You don't use multimodal models to extract a wall of text from an image. They hallucinate constantly the second you get past perfect 100% high-fidelity images.
You use an object detection model trained on documents to find the bounding boxes of each document section as _images_; each bounding box comes with a confidence score for free.
You then feed each box of text to a regular OCR model, also gives you a confidence score along with each prediction it makes.
You feed each image box into a multimodal model to describe what the image is about.
For tables, use a specialist model that does nothing but extract tables—models like GridFormer that aren't hyped to hell and back.
You then stitch everything together in an XML file because Markdown is for human consumption.
You now have everything extracted with flat XML markup for each category the object detection model knows about, along with multiple types of probability metadata for each bounding box, each letter, and each table cell.
You can now start feeding this data programmatically into an LLM to do _text_ processing, where you use the XML to control what parts of the document you send to the LLM.
You then get chunking with location data and confidence scores of every part of the document to put as meta data into the RAG store.
I've build a system that read 500k pages _per day_ using the above completely locally on a machine that cost $20k.
Not sure what service you're basing your calculation on but with Gemmini I've processed 10,000,000+ shipping documents (PDF and PNGs) of every concievable layout in one month at under $1000 and an accuracy rate of between 80-82% (humans were at 66%).
The longest part of the development timeline was establishing the accuracy rate and the ingestion pipeline, which itself is massively less complex than what your workflow sounds like: PDF -> Storage Bucket -> Gemini -> JSON response -> Database
Just to get sick with it we actually added some recusion to the Gemini step to have it rate how well it extracted, and if it was below a certain rating to rewrite its own instructions on how to extract the information and then feed it back into itself. We didn't see any improvement in accuracy, but it was still fun to do.
>Not sure what service you're basing your calculation on but with Gemmini
The table of costs in the blog post. At 500,000 pages per day the hardware fixed cost overcomes the software variable cost at day 240 and from then on you're paying an extra ~$100 per day to keep it running in the cloud. The machine also had to use extremely beefy GPUs to fit all the models it needed to. Compute utilization was between 5 to 10% which means that it's future proof for the next 5 years at the rate at which the data source was growing.
There is also the fact that it's _completely_ local. Which meant we could throw in every proprietary data source that couldn't leave the company at it.

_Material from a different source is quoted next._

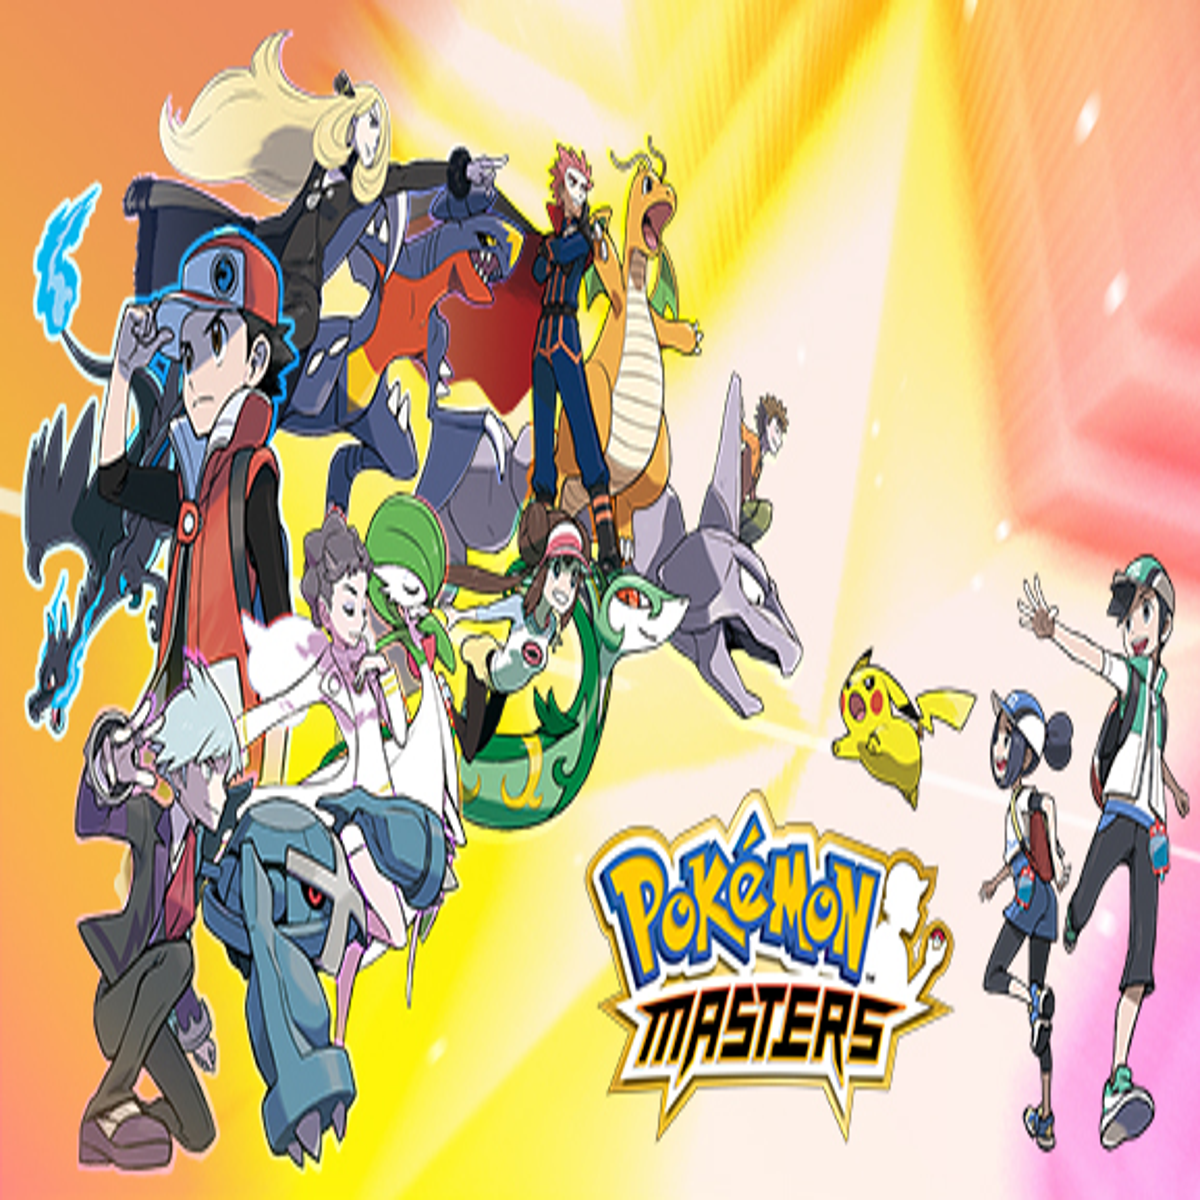 Pokémon Masters - New Pokémon mobile game by DeNA revealed - MMO

>The longest part of the development timeline was establishing the accuracy rate and the ingestion pipeline, which itself is massively less complex than what your workflow sounds like: PDF -> Storage Bucket -> Gemini -> JSON response -> Database
Each company should build tools which match the skill level of their developers. If you're not comfortable training models locally with all that entails off the shelf solutions allow companies to punch way above their weight class in their industry.
That assumes that you're able to find a model that can match Gemini's performance - I haven't come across anything that comes close (although hopefully that changes).
1 reply →
Very cool! How are you storing it to a database - vectors? What do you do with the extracted data (in terms of being able to pull it up via some query system)?
In this use-case the customer just wanted data not currently in the warehouse inventory management system capatured, so here we converted a JSON response to a classic table row schema (where 1 row = 1 document) and now boom, shipping data!
However we do very much recommend storing the raw model responses for audit and then at least as vector embeddings to orient the expectation that the data will need to be utilized for vector search and RAG. Kind of like "while we're here why don't we do what you're going to want to do at some point, even if it's not your use-case now..."
2 replies →
> [with] an accuracy rate of between 80-82% (humans were at 66%)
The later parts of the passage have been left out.